Thinking of this as two problems, I have a pattern to solve one of them. Maybe it'll inspire someone to come up with another idea that solves both. The problems are:

1. make sure the new base_path is not contained by some existing base_path
2. make sure the new base_path does not contain some existing base_path

Problem 1 is very similar to a problem faced by the app that serves content.
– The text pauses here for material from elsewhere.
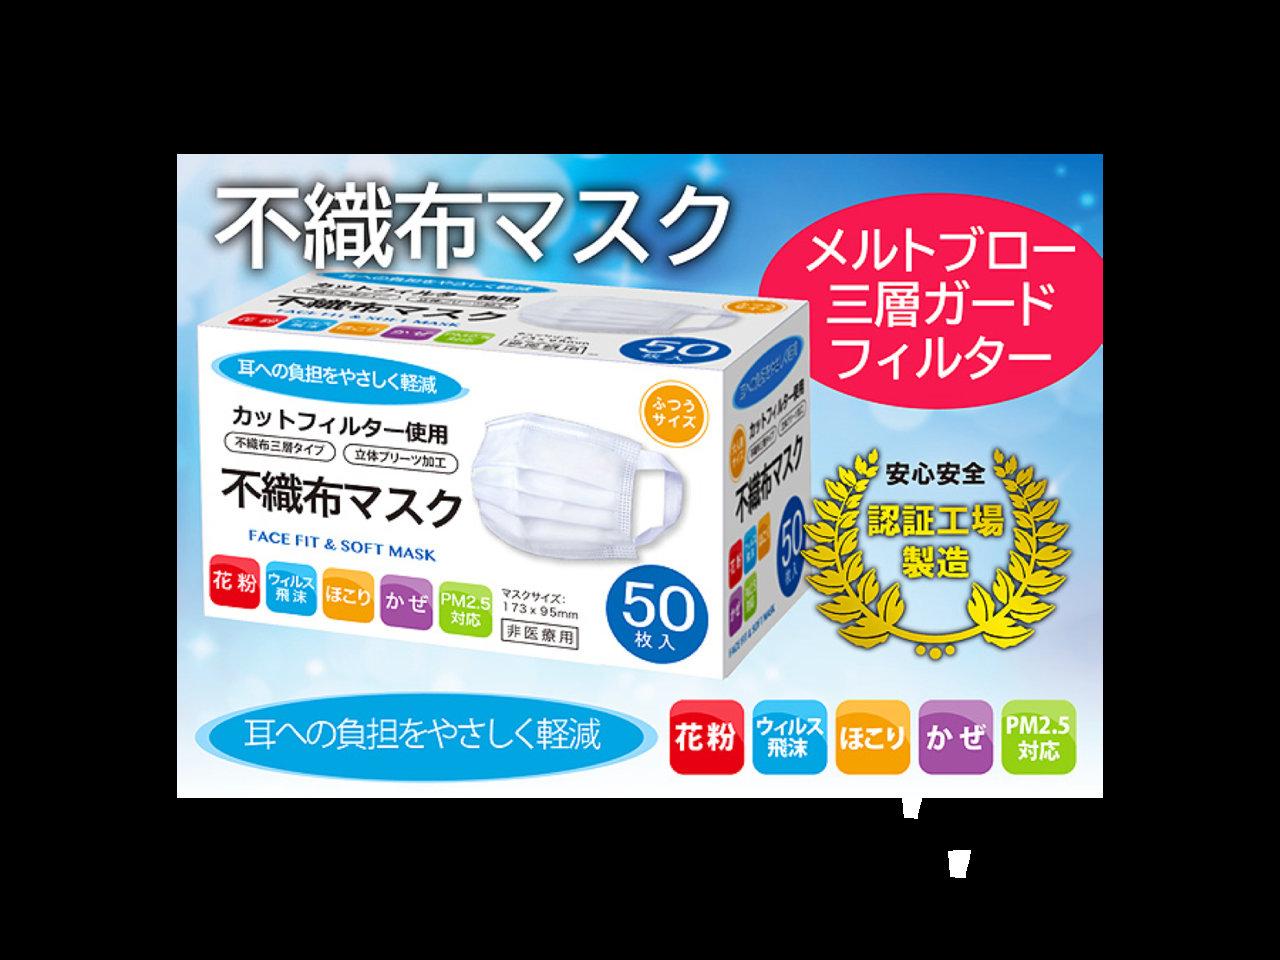 不織布マスク/50枚あたり1800円(税別)、25万枚限定追加販売開始しました。
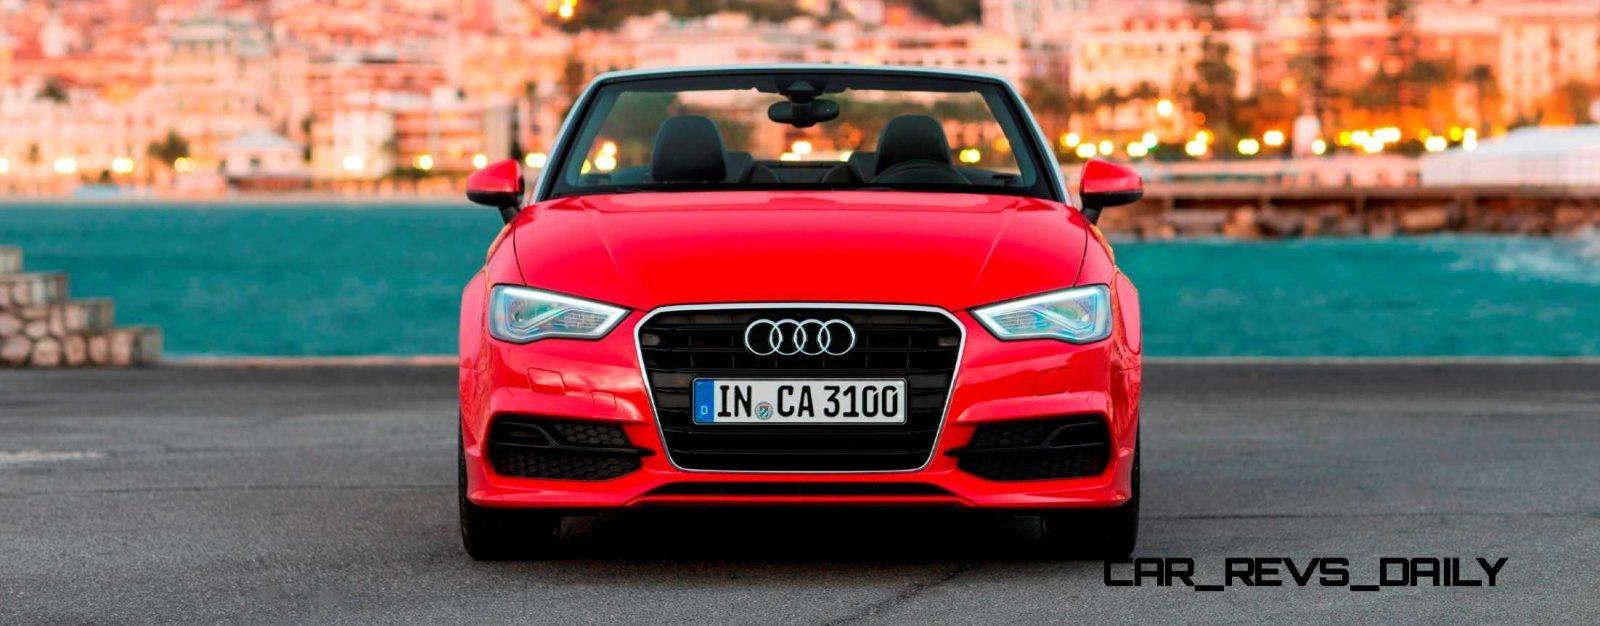 CarRevsDaily 2015 Audi A3 Cabrio 26

Given a full URL, it needs to determine which distribution's base_path is somewhere in that URL.

Given a candidate new base_path or a full path to content, for example "a/b/c/d", you could split that into each of these paths:

  • a
  • a/b
  • a/b/c
  • a/b/c/d

And you could do a query for any Distribution where the base_path is in that list of potential paths.

For use case 1, if a Distribution is found, then the new base_path is not allowed. For the content serving use case, if a Distribution is found, then that is the one which should be further queried to find the requested file.

But as you can see, this does nothing for use case 2.

#8 Updated by jortel@redhat.com about 2 months ago

An additional consideration is race conditions which can be solved in a few ways.

1. The check is enforced with constraints so the DB will prevent race conditions. Not sure how this can be done yet.
2. The check is enforced with queries (as done in pulp2 and suggested in #note-7) in which case a common approach is to lock the table. Best I can tell, explicit table locking is not directly supported by django in a DB agnostic way. However this can be solved easily if we're willing to do a little bit of postgres specific SQL.

As for case 2, there won't be many Distributions and I think we could fetch them all (just base_url) into memory and apply the case 1 algorithm in reverse.

#9 Updated by bmbouter about 2 months ago

Can some example cases that we want to prevent be written out? Having some common examples would be helpful I think in evaluating algorithms.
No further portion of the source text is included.